▶ Given records:
[Start of section]

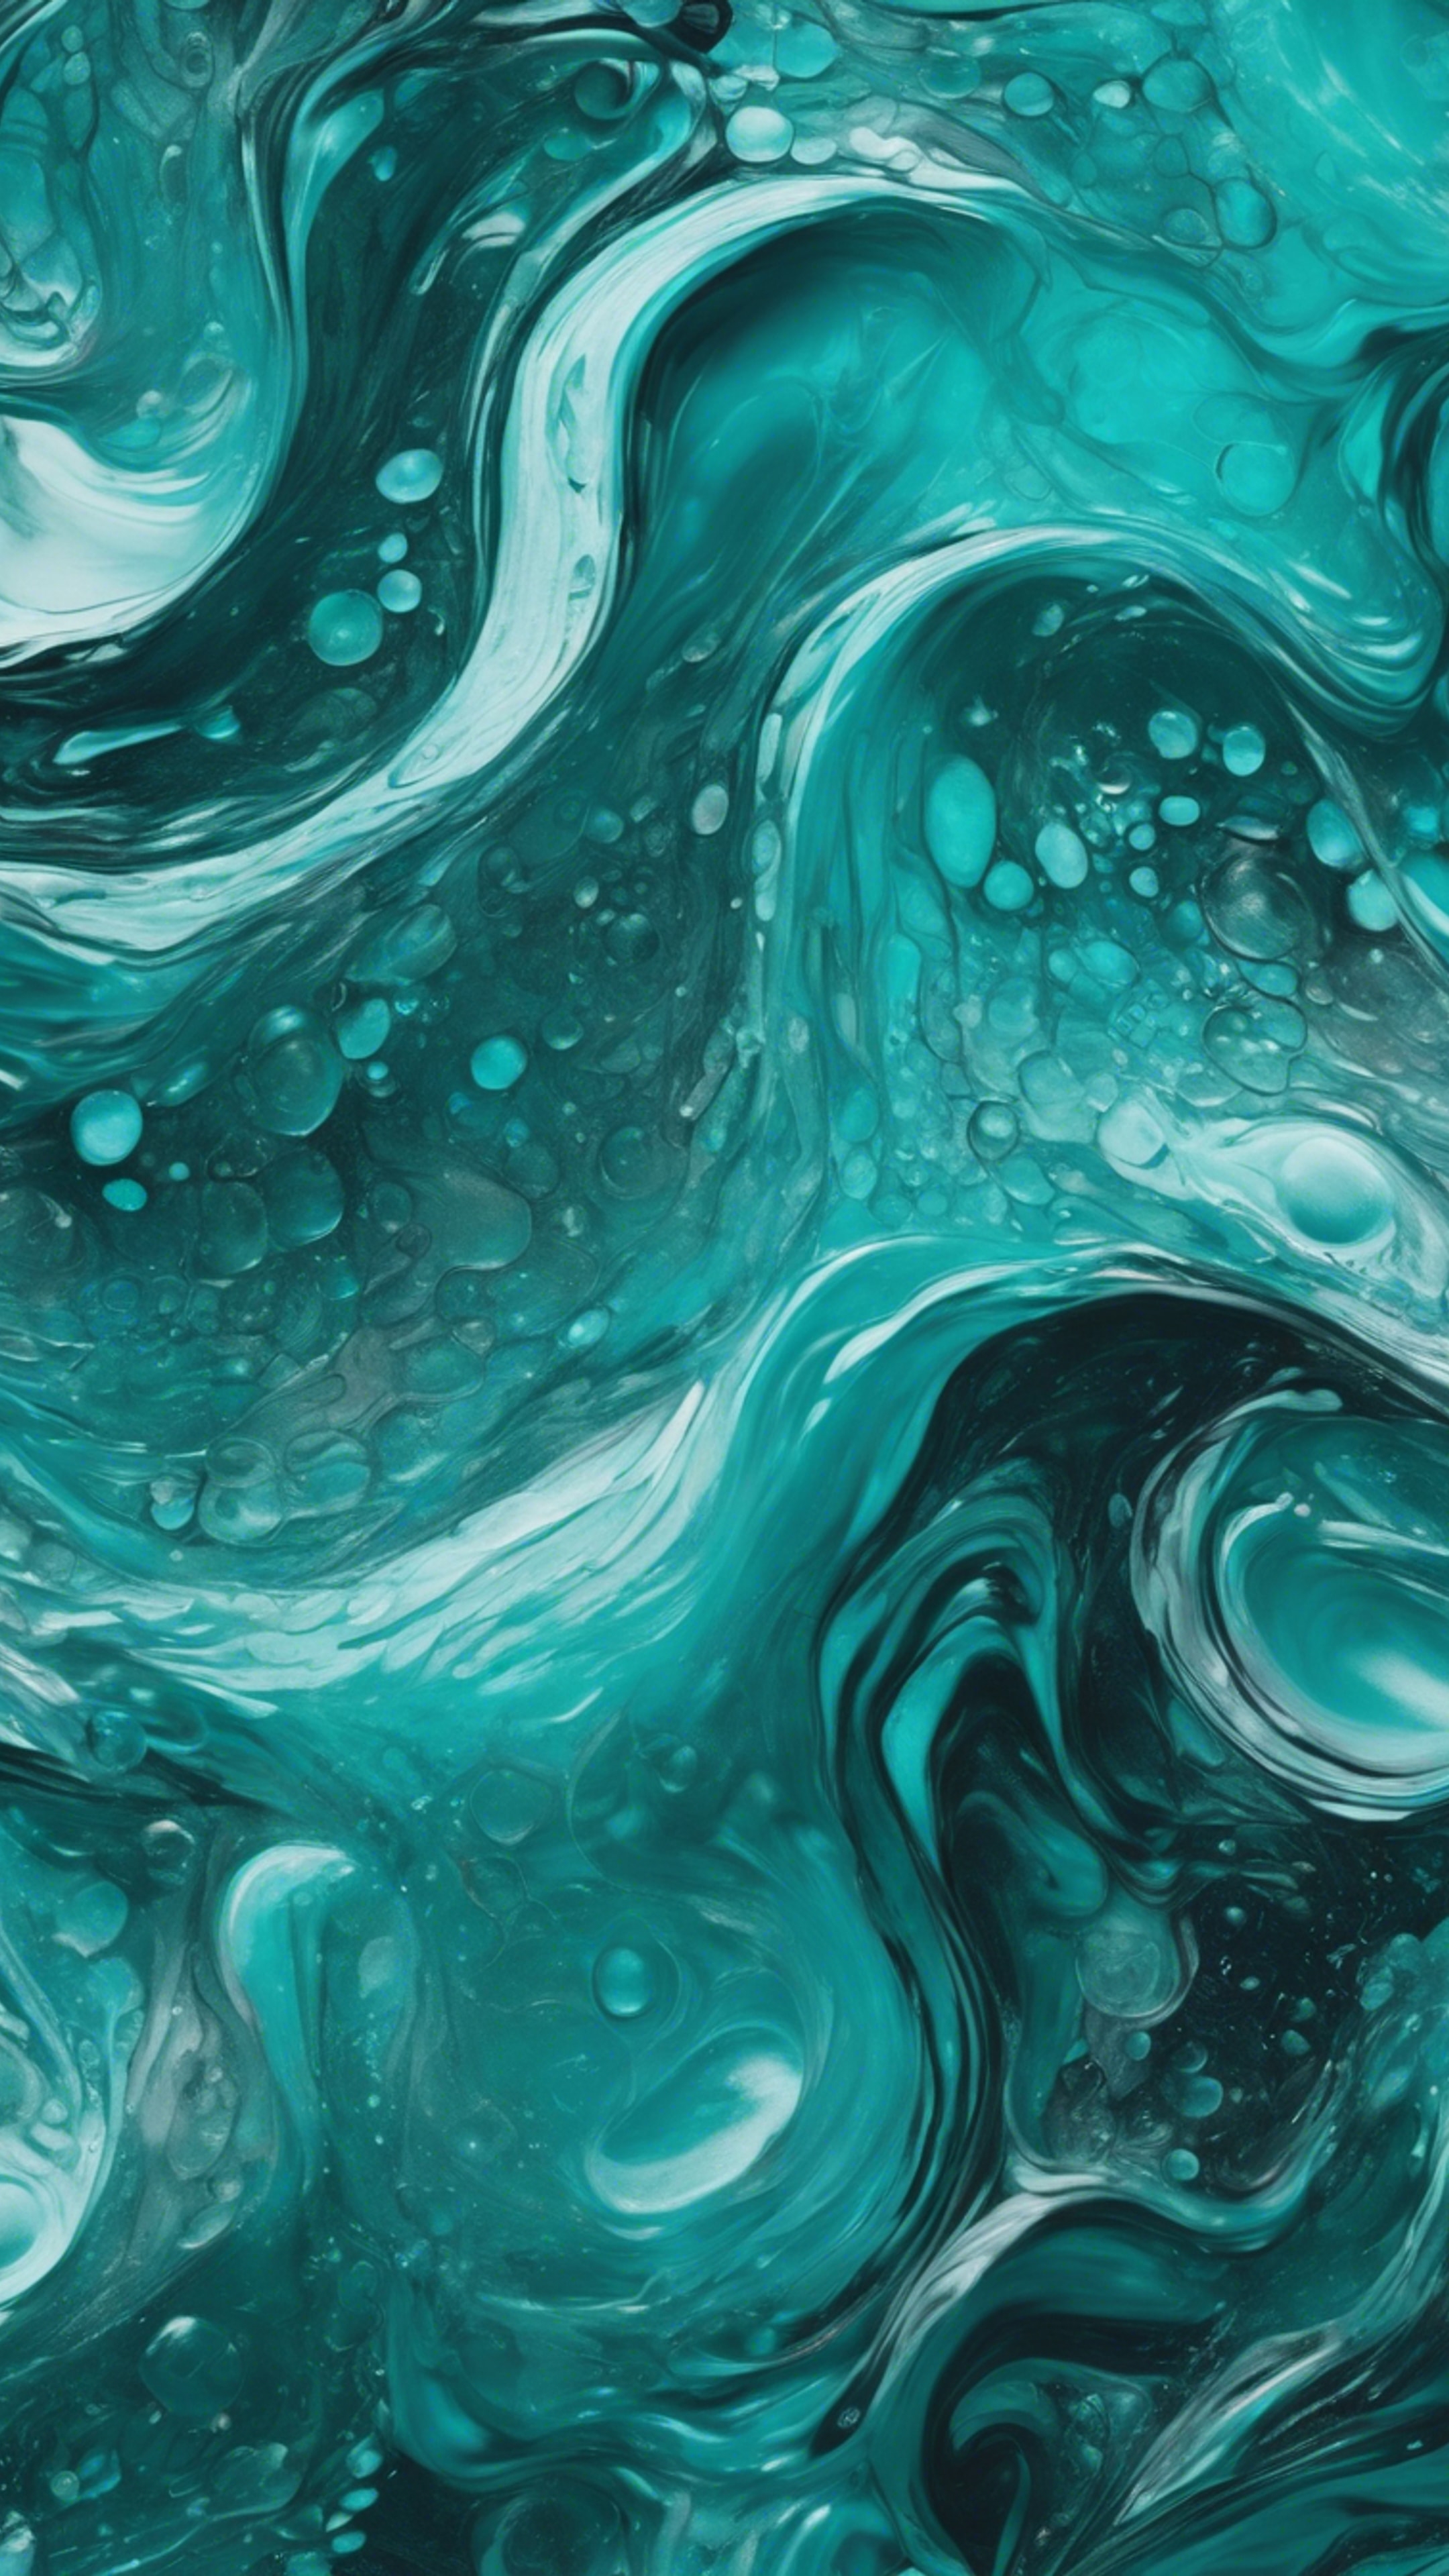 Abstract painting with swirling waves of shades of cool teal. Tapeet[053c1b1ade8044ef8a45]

[End of section]
[Start of section]

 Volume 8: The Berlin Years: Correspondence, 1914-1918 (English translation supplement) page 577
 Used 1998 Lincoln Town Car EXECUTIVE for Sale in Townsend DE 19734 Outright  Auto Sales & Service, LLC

[End of section]
[Start of section]

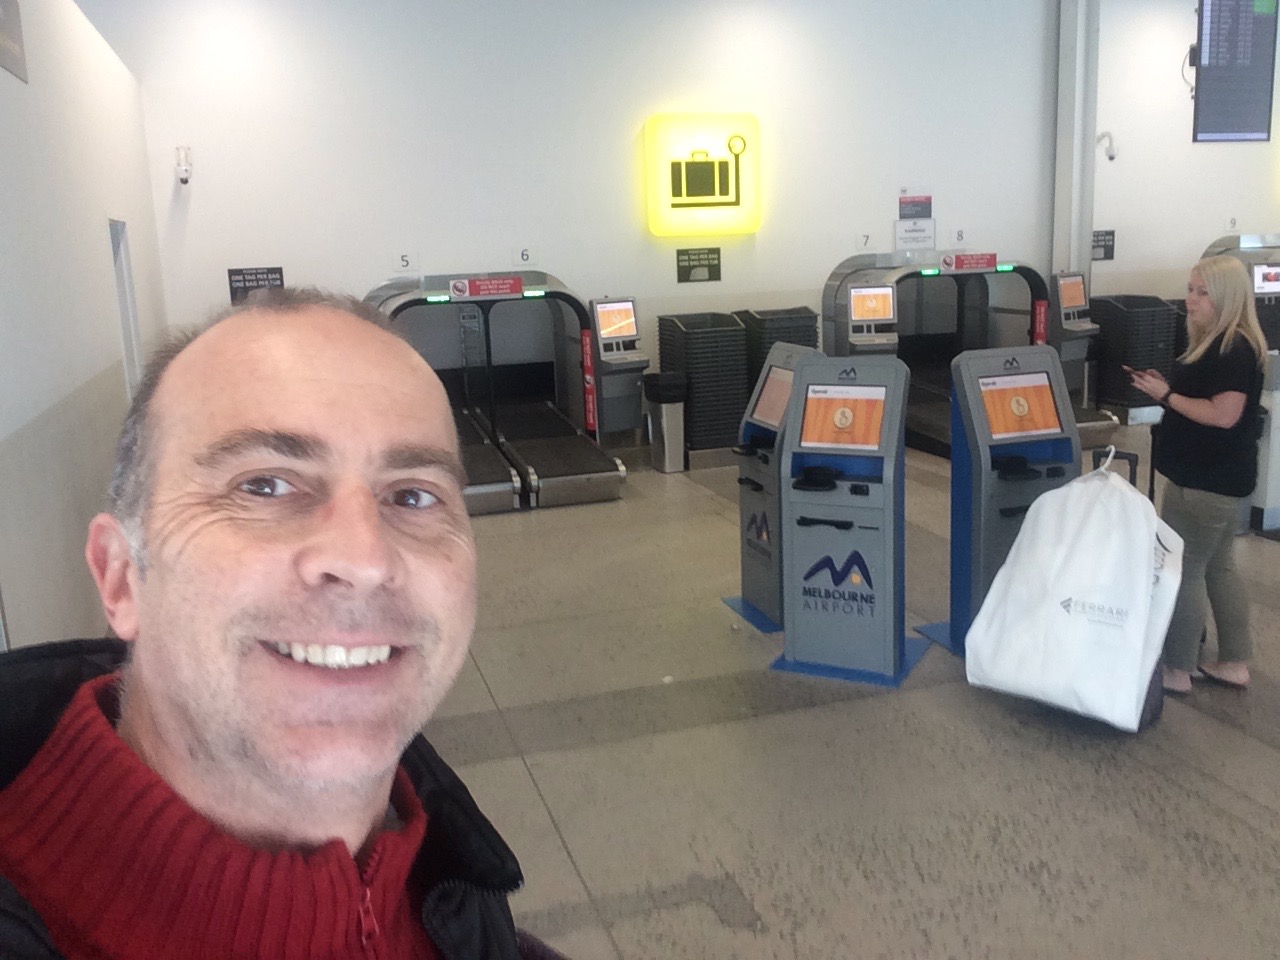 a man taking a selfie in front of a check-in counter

[End of section]

▶ What the task asks: Retype exactly the span of lines from the one with "Volume 8: The" through the one with "Used 1998 Lincoln"; include both ends and omit the rest of the material.

▶ Task output:
 Volume 8: The Berlin Years: Correspondence, 1914-1918 (English translation supplement) page 577
 Used 1998 Lincoln Town Car EXECUTIVE for Sale in Townsend DE 19734 Outright  Auto Sales & Service, LLC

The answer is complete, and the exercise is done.